The driving age is whatever you say it is. 

Just because New Jersey says your 17-year-old’s suddenly road-ready doesn’t make it true. If you want him to have another six months of supervised permit driving, that’s your choice. Don’t give into pressure from your teen or other parents. You decide when he’s ready, and it may not magically happen the moment he turns 17.

Your teen may get into an accident soon. 

Sadly, motor vehicle accidents are the leading cause of death for teens ages 16 to 20 in NJ. And one in every five 16-year-olds in the US gets into a crash, so make sure you get a car with high safety ratings. Start by going to the Insurance Institute for Highway Safety ( for tips on how to find a safe car for your teen. Better yet, have your new driver share a family car. Statistics show adolescents who share a car are far less likely to get into an accident than those with their own wheels.  

When he gets in an accident, he won’t know what to do. 

Make sure to walk him through what to do in an emergency. Even a minor fender bender is likely to freak him out,  so rehearse what to do, who to call  and what to say if  he gets in a crash.  Put a checklist in the glove compartment just in case.

The car will tell you things your teen won’t. 

Keep a spare set of keys and check the car’s “hiding places” frequently.  And no, that’s not “dried oregano for a recipe” in that baggie, no matter how much she protests.

Make a driving contract. 

Many veteran parents say creating a driving contract was one of the best parenting decisions they ’ve ever made. Include all the safety rules you’ve set together, like keeping phones stowed in backpacks and making sure they stick to the rule of only having one passenger in the car for the first year (this is NJ law). Ensure they take care of their car by removing trash from the car floor or keeping a shared car full of gas. Make sure to list the consequences if the rules are broken. Need inspiration? Download our contract at

Ban anything that might take her attention away from the road.

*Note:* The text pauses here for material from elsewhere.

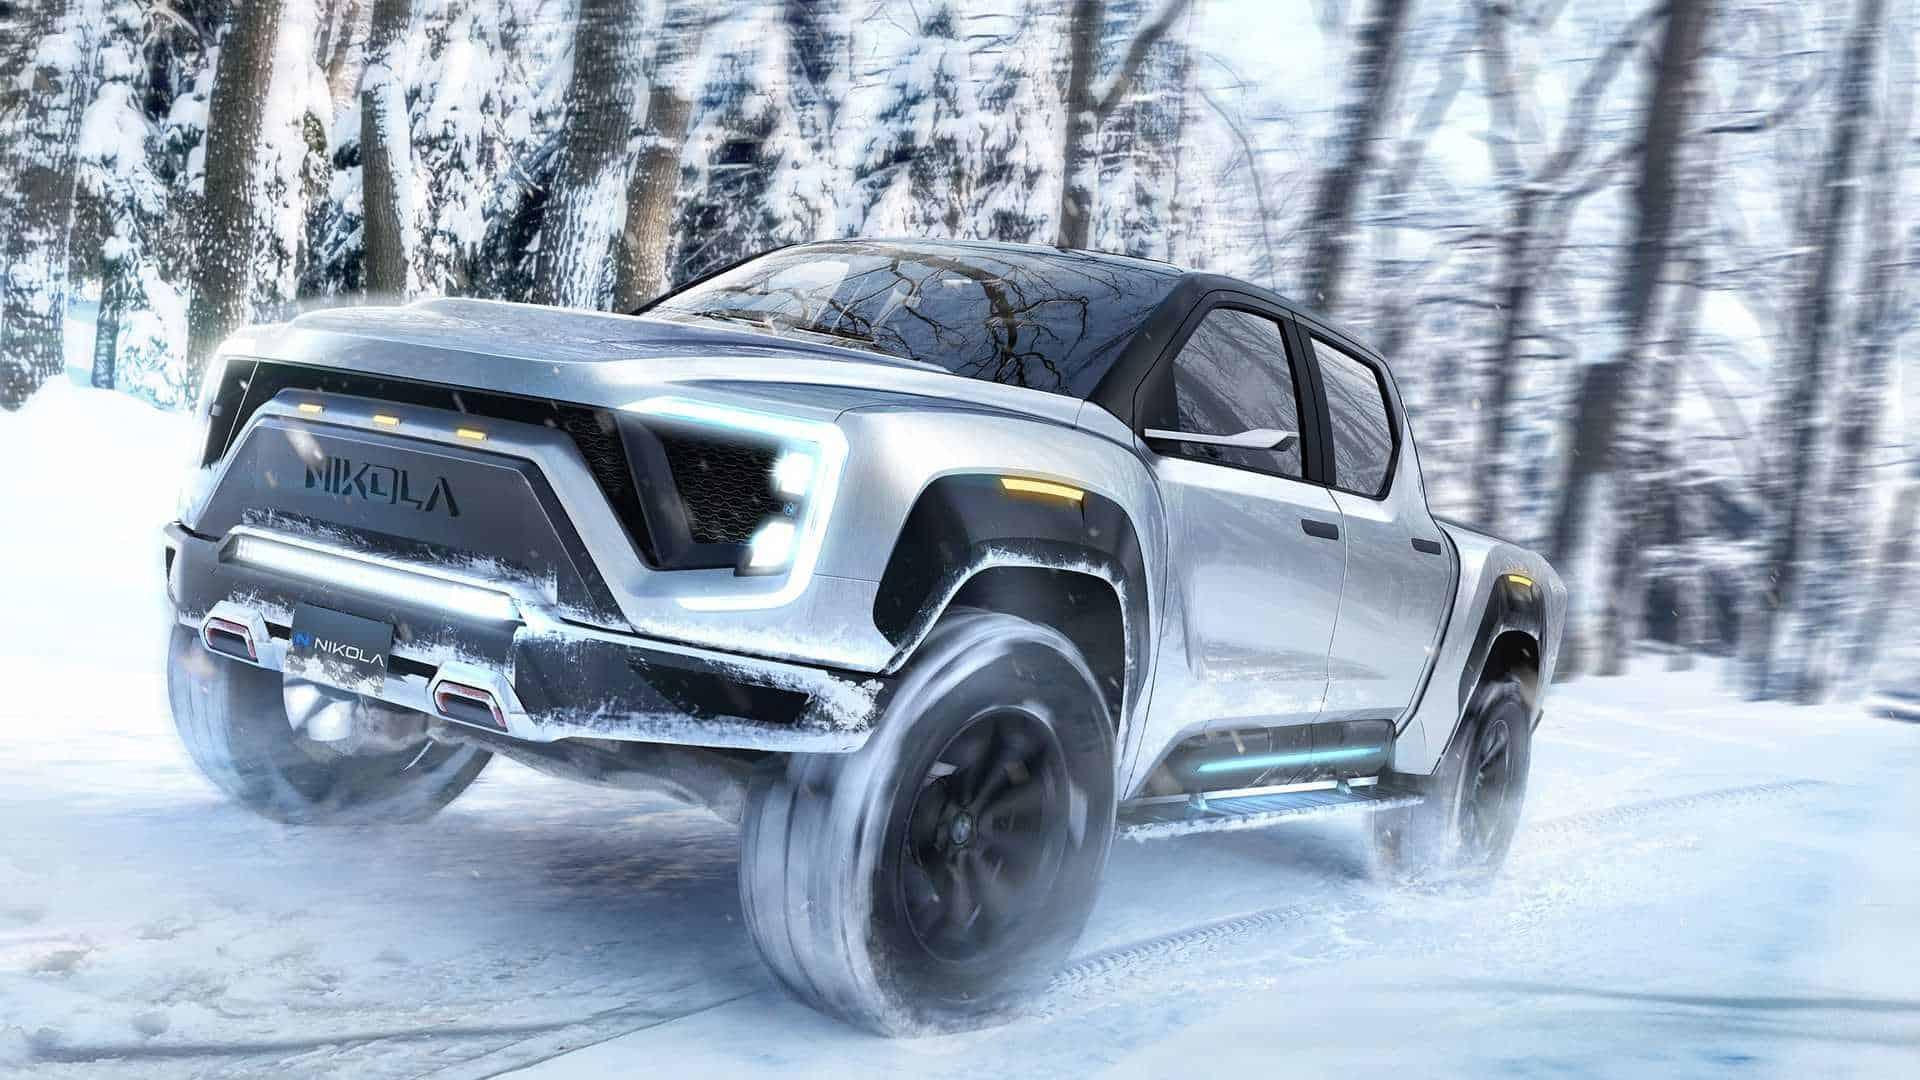 nikola-badger-electric-pickup-truck

Thirty-four percent of  16- and 17-year-olds admit they’ve sent and responded to text messages while driving. Be specific about what’s not permitted, including the penalties for breaking these rule (consider taking away her phone or limiting her driving to school and work only). This includes talking on a cellphone, texting, checking social media, eating, applying make-up or fiddling with the radio. 

Make sure he gets enough sleep before getting behind the wheel.

Drowsy driving causes thousands of teen crashes each year, so if your teen is staying up late to cram for an exam, be sure to drive him to school the next morning. 

Only let your teen drive during the day for at least the first six months.

According to the Motor Vehicle Commission, teen crash rates are three times higher after 9 pm. Impose your own addendums to the Graduated Driver’s License (GDL)  rules. His curfew may be 11 pm legally, but in your house, make the rule that he has to be back right after track practice. 

Keep tabs on her with apps.

Download safety apps that help you locate your teen or keep her off her phone while driving. Try Cellcontrol—an app that disables texting and emailing on all cellphones while the car is in motion. Or the SafeDrive app, that sends you texts about where she is and when she exceeds speed limits. 

Teach him to fix a flat before he’s allowed to drive.

Car emergency services are great, but what if your new driver’s on a stretch of road with no cell service?  Or AAA tells him it’s going to be a three-hour wait? There will be times when a driver needs to be able to fix a flat by himself.

Mean what you say.

One of the toughest things about having a new driver is following through on the consequences you’ve established. Driving your kid to swim practice every morning because she skipped curfew isn’t anyone’s idea of a good time, but she broke a rule and now she has to deal with the repercussions. (And so do you. Ugh).